Bug 3639
Summary: | NForce3 problem with IOAPIC | ||
---|---|---|---|
Product: | ACPI | Reporter: | Rafael J. Wysocki (rjwysocki) |
Component: | Config-Interrupts | Assignee: | Zwane Mwaikambo (zwane) |
Status: | REJECTED WILL_NOT_FIX | ||
Severity: | normal | CC: | acpi-bugzilla, torrb |
Priority: | P2 | ||
Hardware: | i386 | ||
OS: | Linux | ||
Kernel Version: | 2.6.10-rc1 | Subsystem: | |
Regression: | --- | Bisected commit-id: | |
Attachments: |
dmesg output for 2.6.9-mm1 (without noapic)

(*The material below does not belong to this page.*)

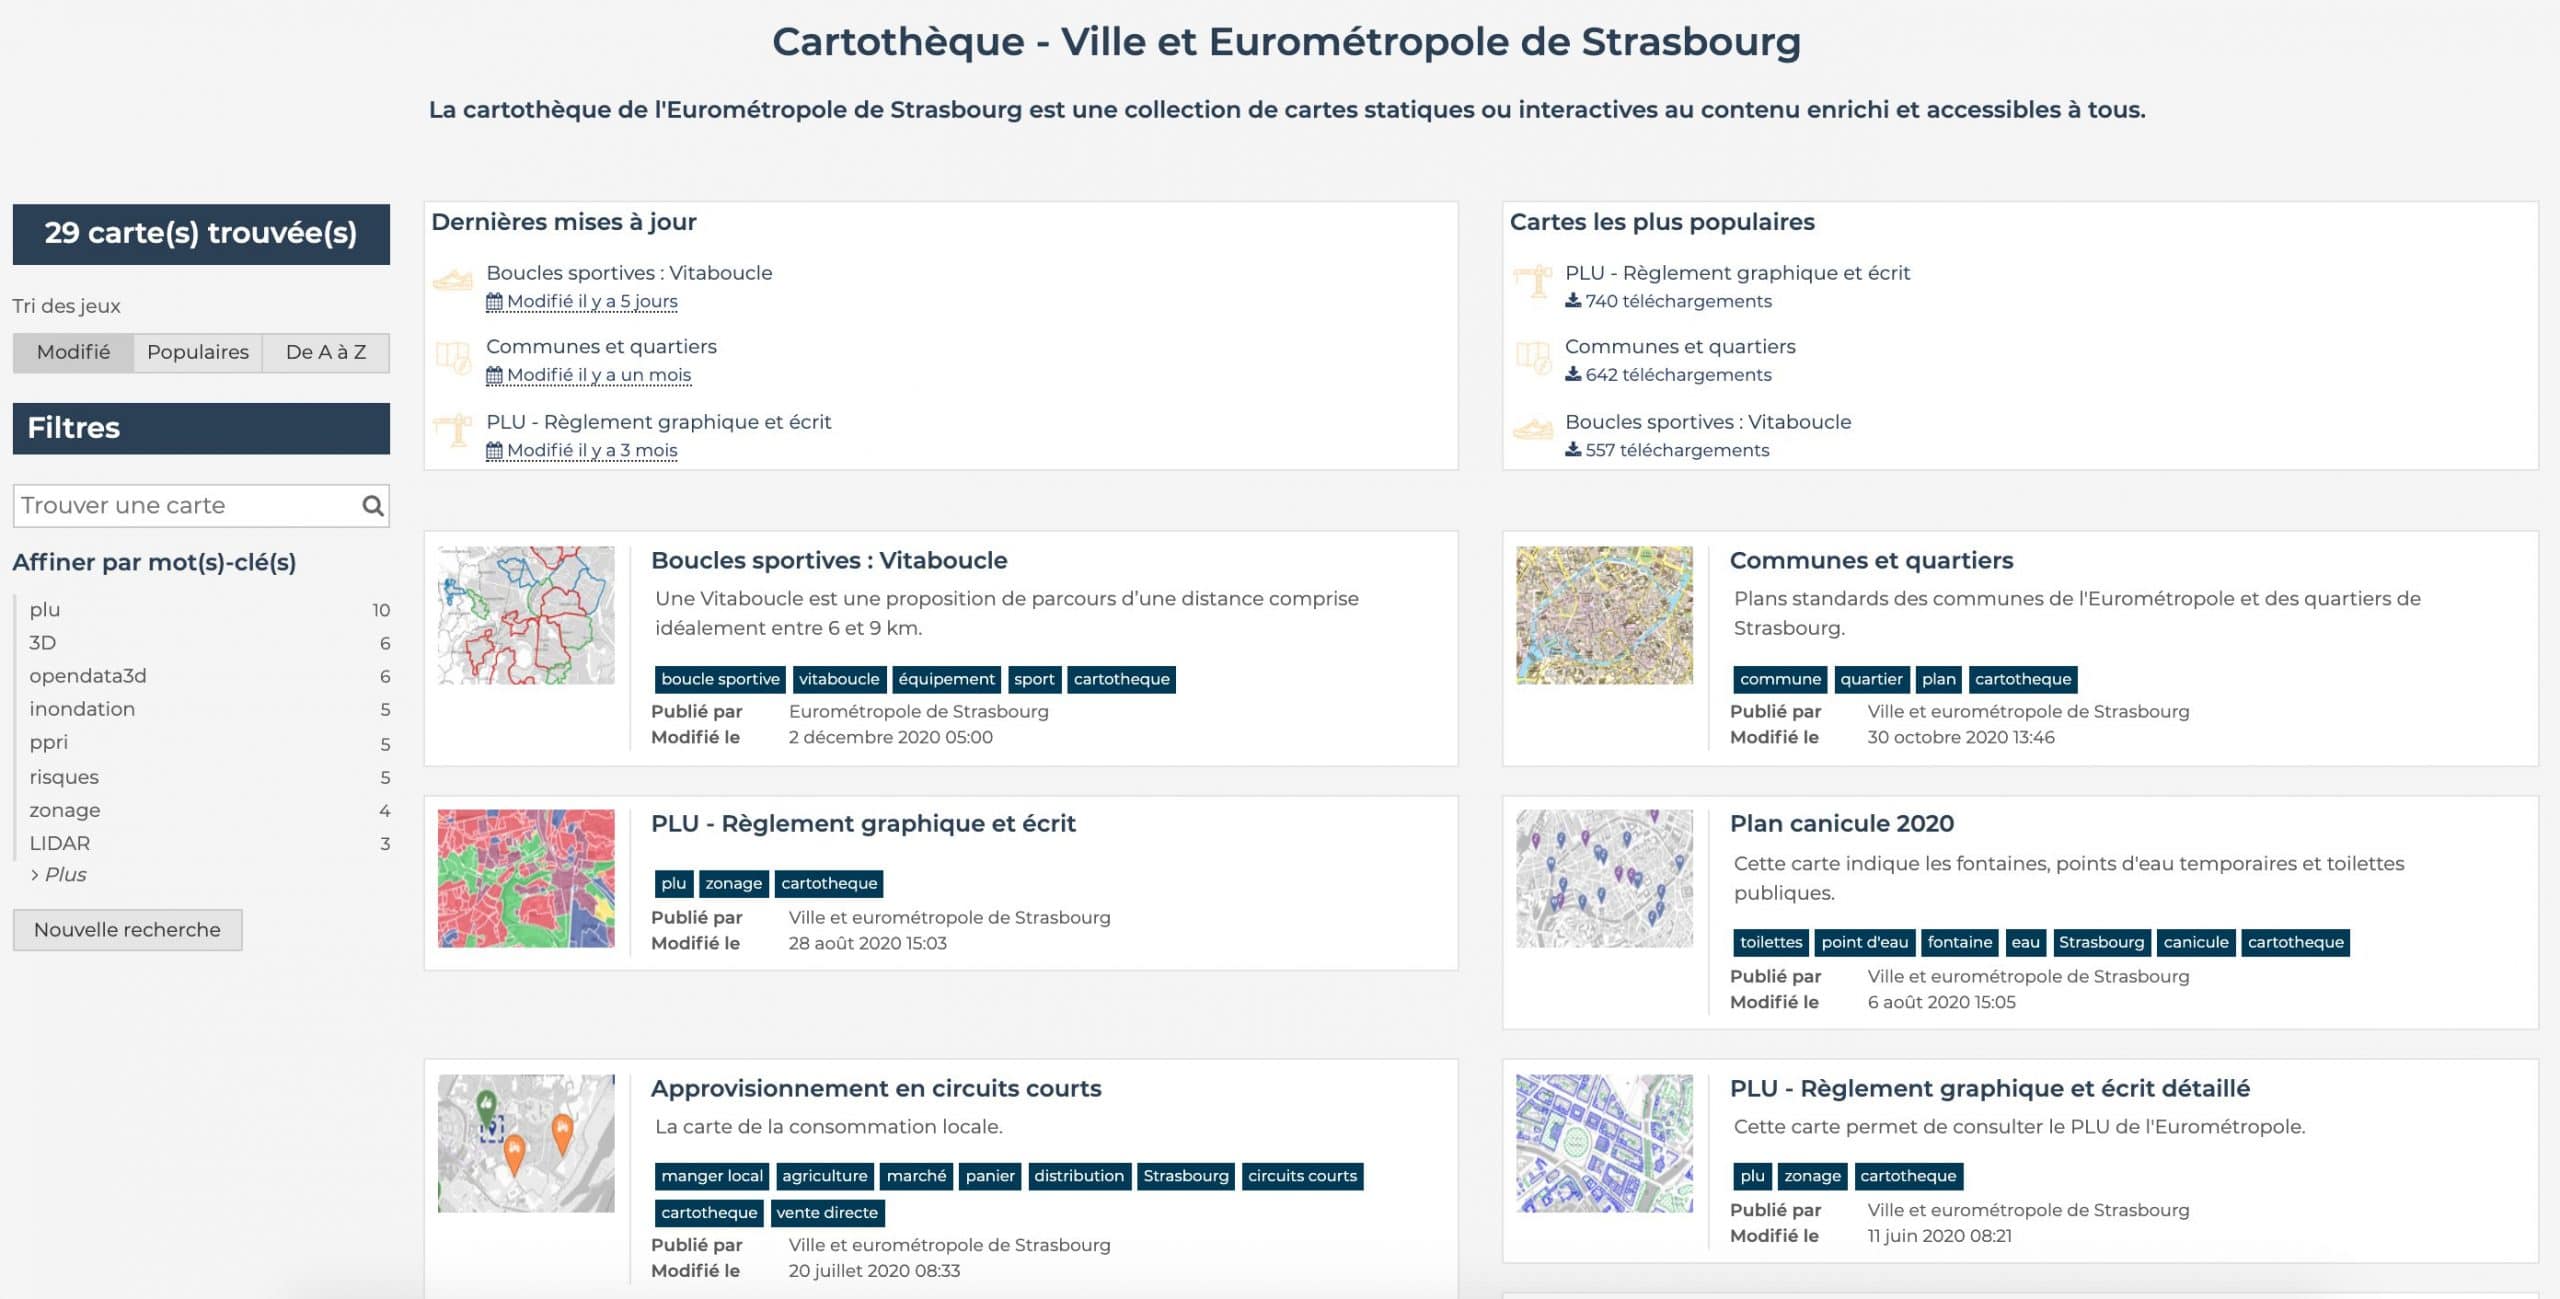 awards-strasbourg data portal

/proc/interrupts for 2.6.9-mm1 (without noapic) dmesg output for 2.6.10-rc1-mm2 (right after failure) /proc/interrupts for 2.6.10-rc1-mm2 (right after failure) dont ignore timer override Oops trace for 2.6.9-rc4-mm1 The output of acpidmp, Linux 2.6.10-rc2-mm1 /proc/interrupts for 2.6.11-rc5-mm1 (with noapic) |
Description
Rafael J. Wysocki
2004-10-25 08:24:46 UTC
Created attachment 3887 [details]
dmesg output for 2.6.9-mm1 (without noapic)
Created attachment 3888 [details]
/proc/interrupts for 2.6.9-mm1 (without noapic)
Could you also attach /proc/interrupts and dmesg for the failing kernel too for easy reference. Thanks The two that I've already attached are for the failing case (not right after the failure, if you mean it, but this very kernel with this very command line has failed for a couple of times on my box). I'll try to get some 'right after the failure" logs for a more recent kernel, though. Created attachment 3920 [details]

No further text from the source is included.